What you are asked to do: Give the listing again character for character, but drop the images.
═══ Given material ═══
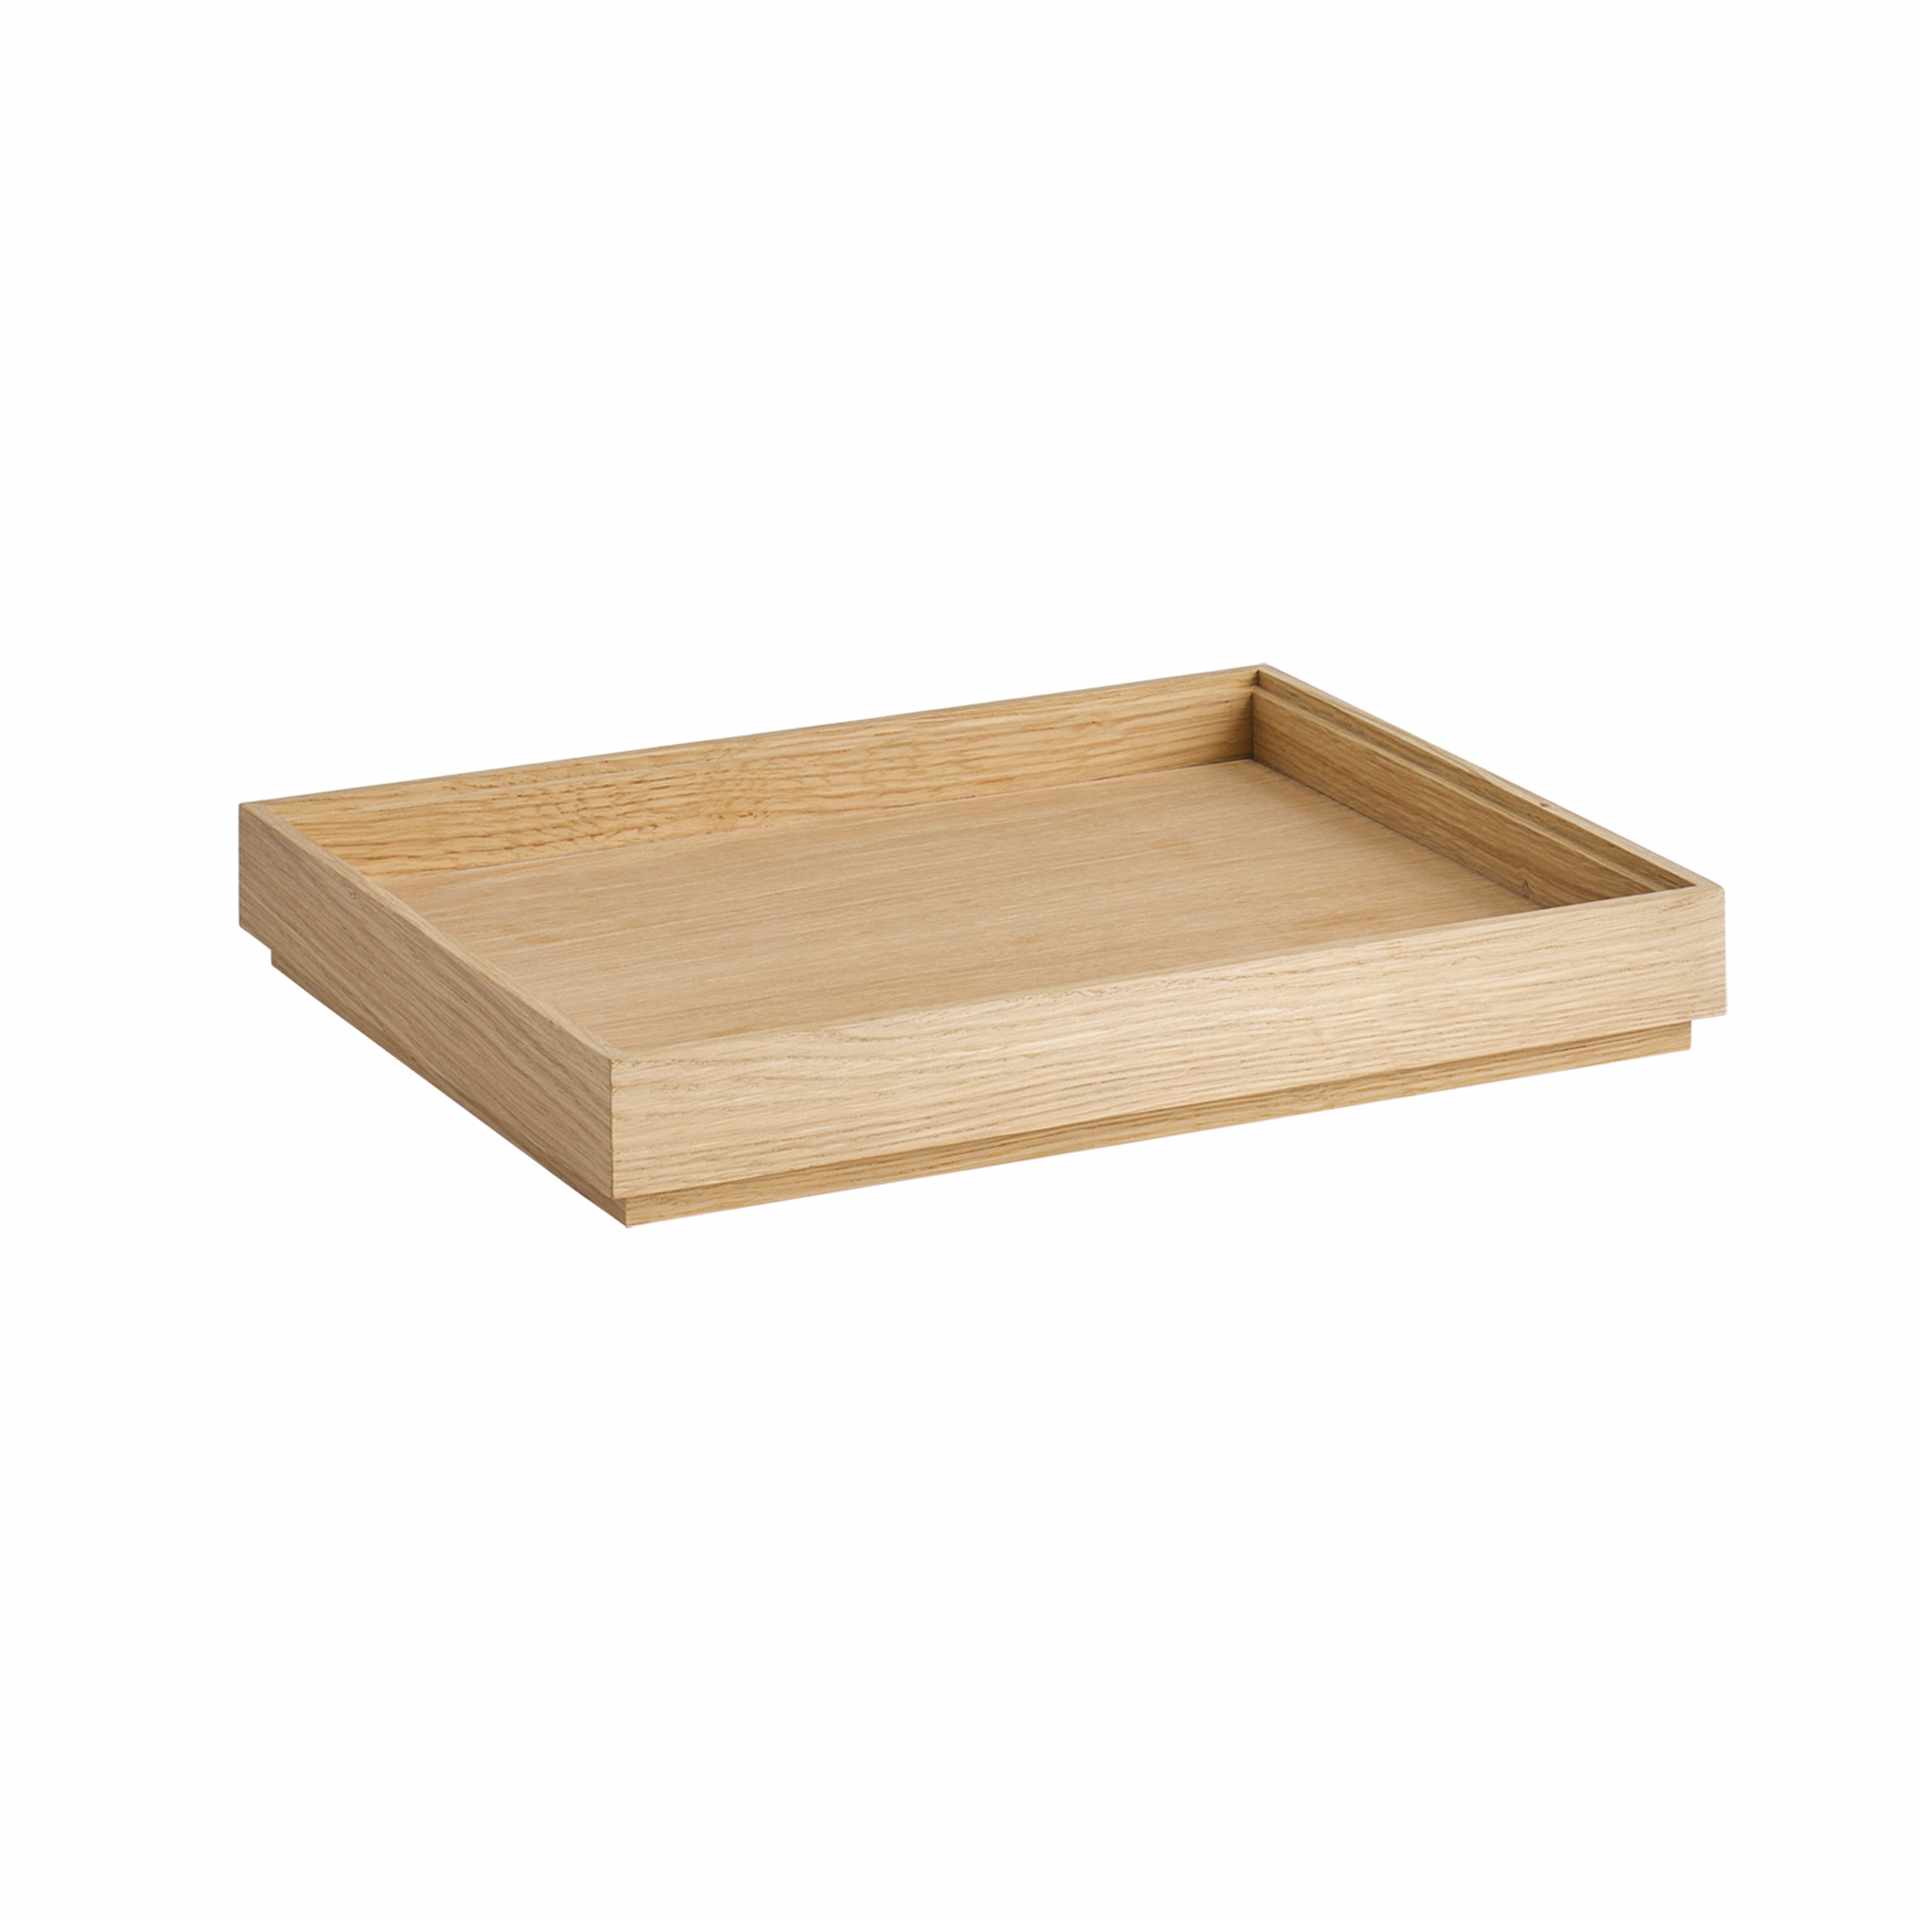 GN-Holzbox - Serie Valo - braun - Höhe 4,5 cm - GN 1/2 (325 x 265 mm) - Eichenholz - 14003-B
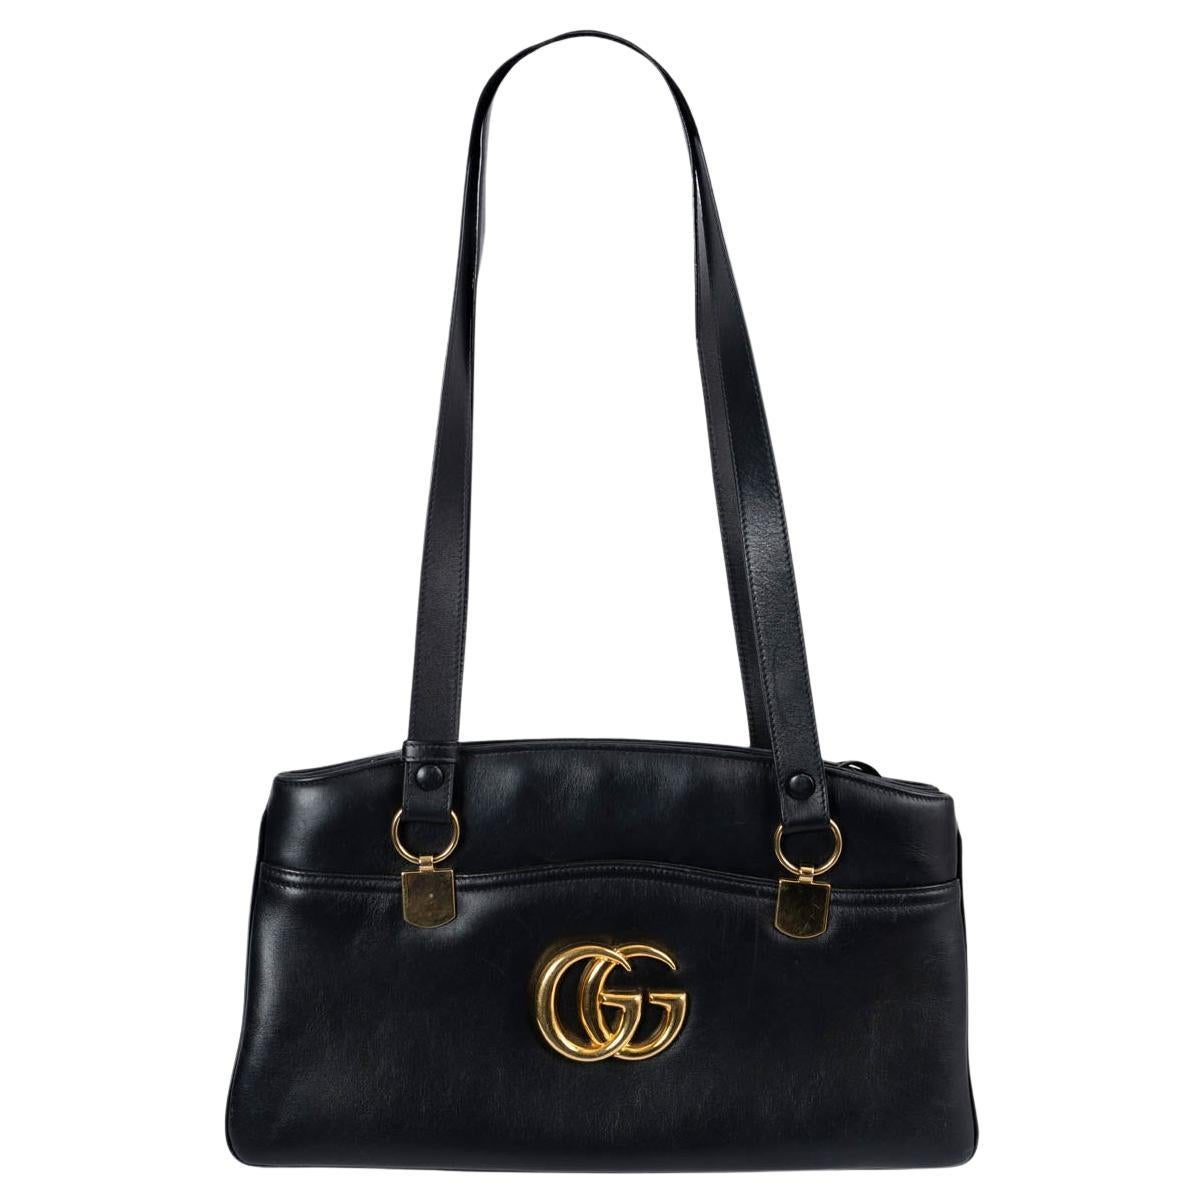 GUCCI cuir noir 2019 ARLI LARGE TOP HANDLE Bag en vente
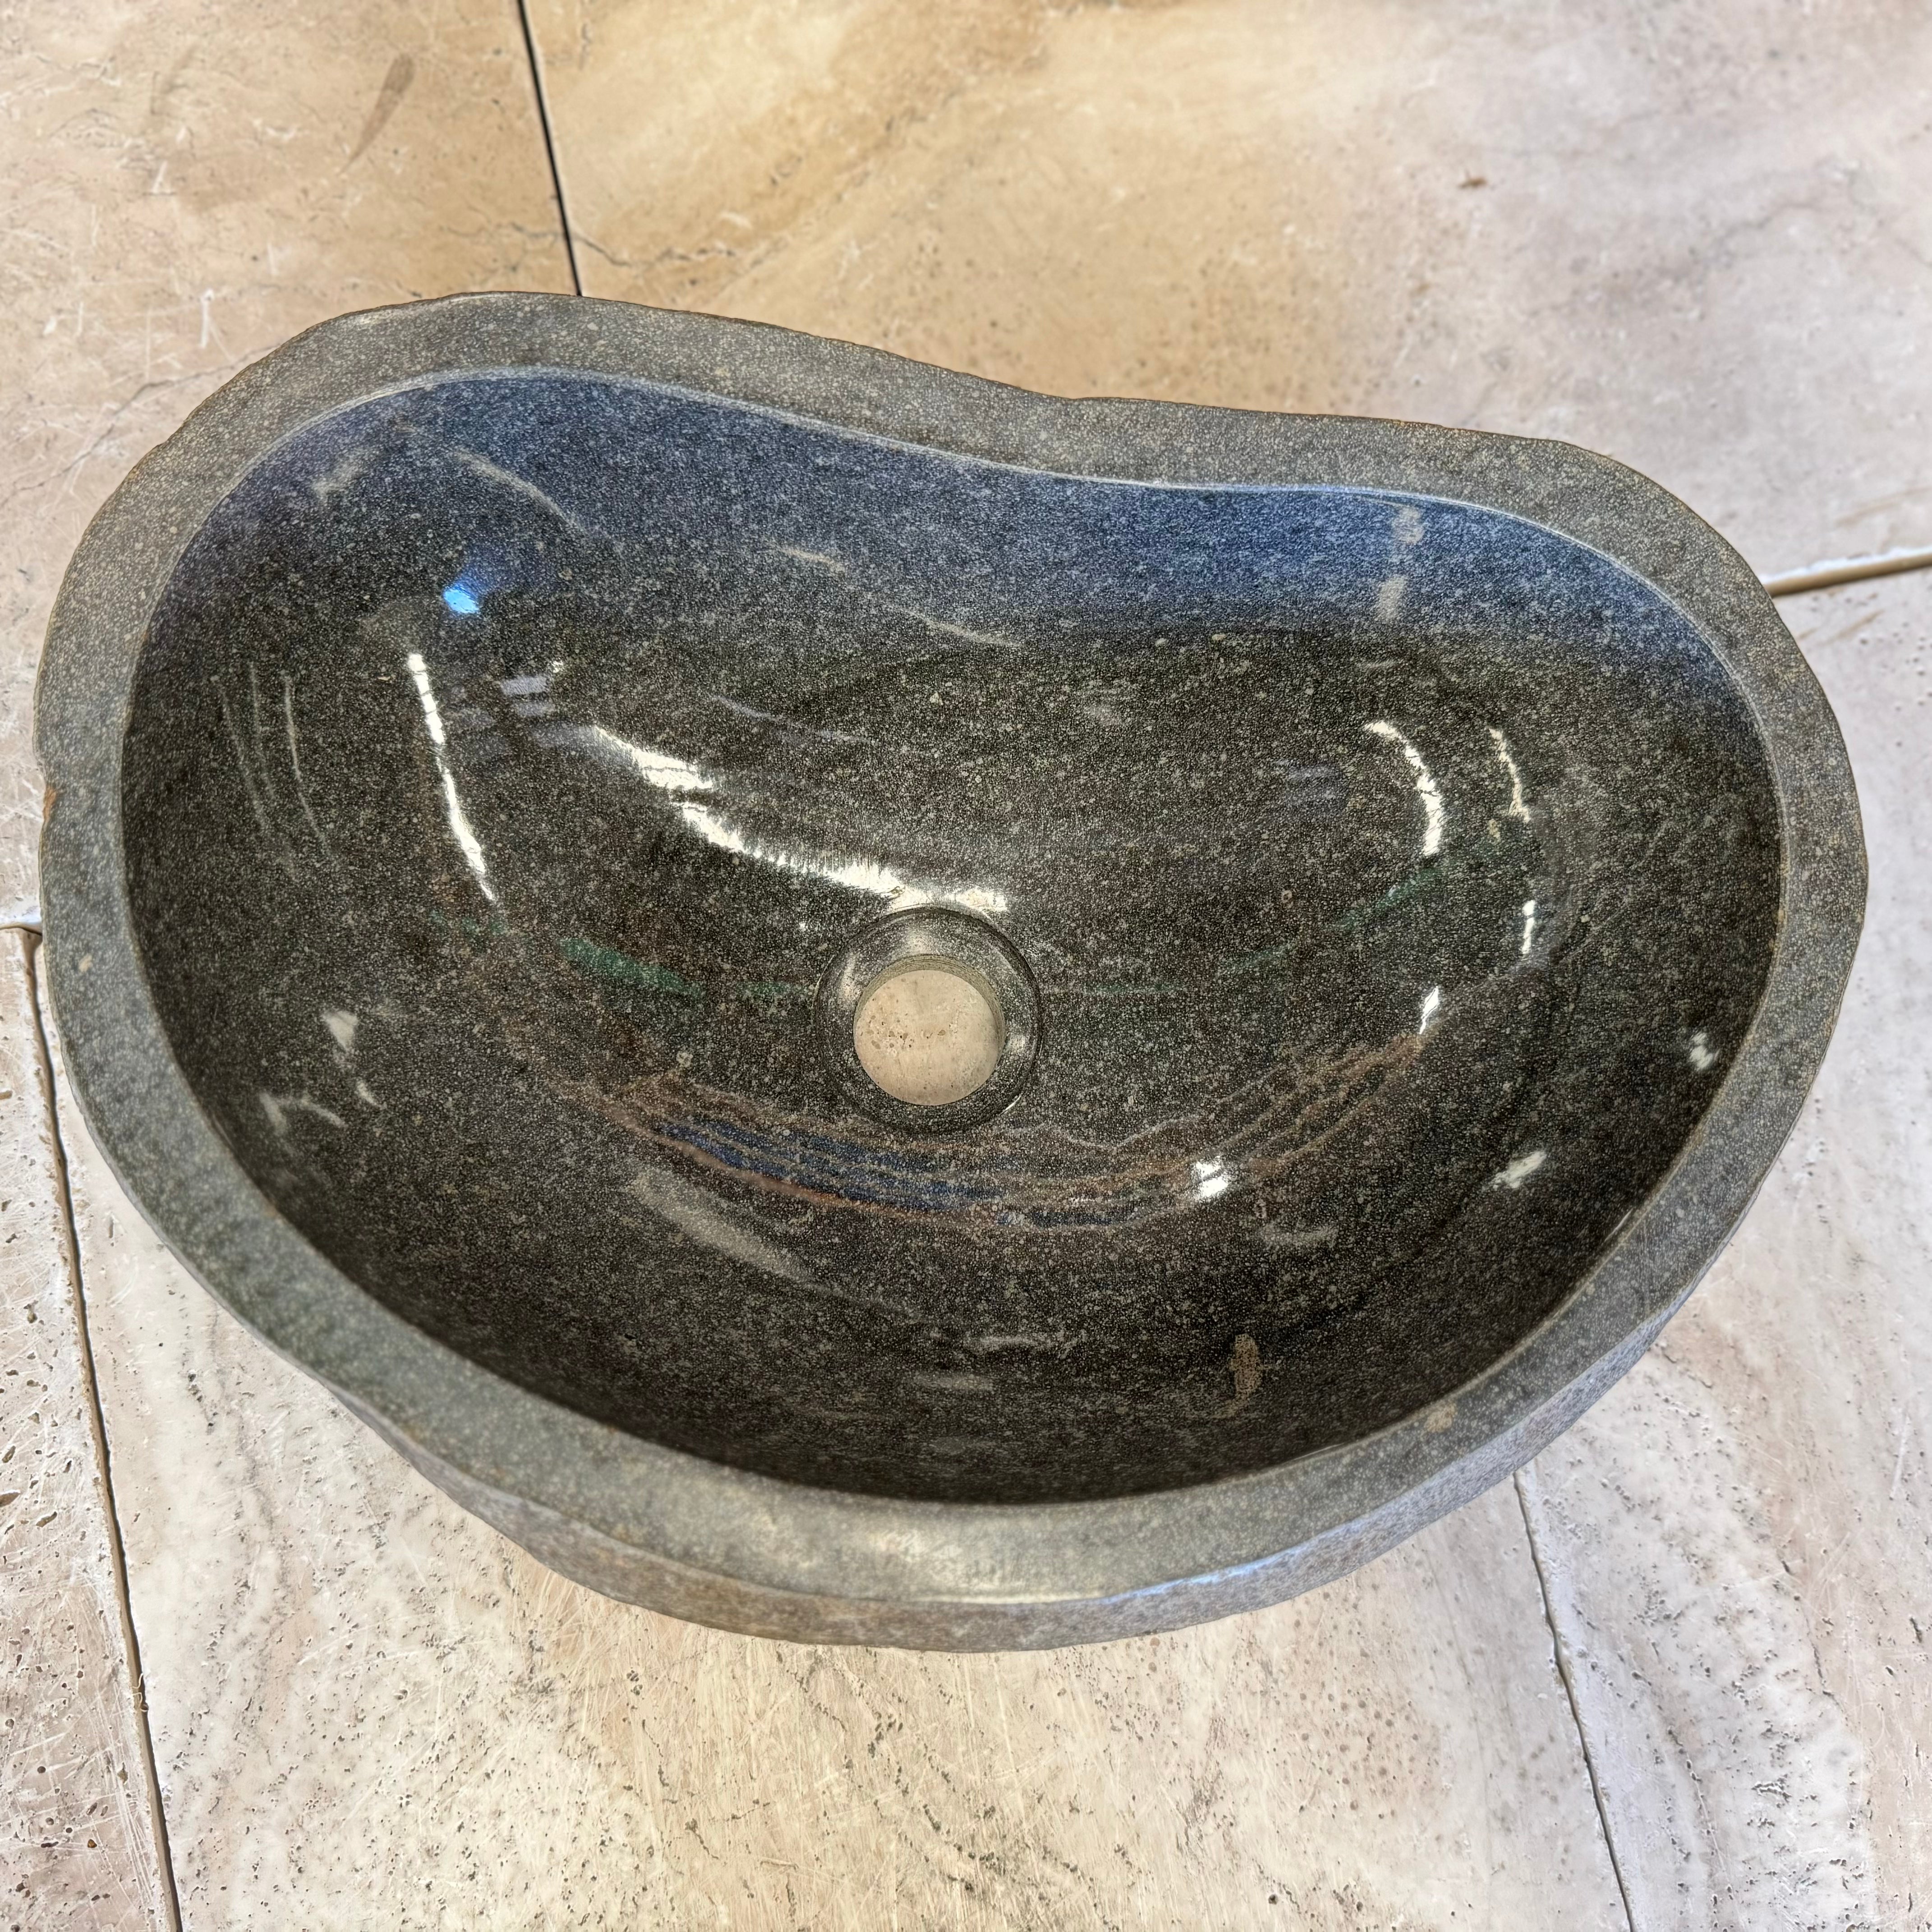 Handmade Natural Oval River Stone Bathroom Basin - RM2306104
═══
Answer for the task:
 GN-Holzbox - Serie Valo - braun - Höhe 4,5 cm - GN 1/2 (325 x 265 mm) - Eichenholz - 14003-B
 GUCCI cuir noir 2019 ARLI LARGE TOP HANDLE Bag en vente
 Handmade Natural Oval River Stone Bathroom Basin - RM2306104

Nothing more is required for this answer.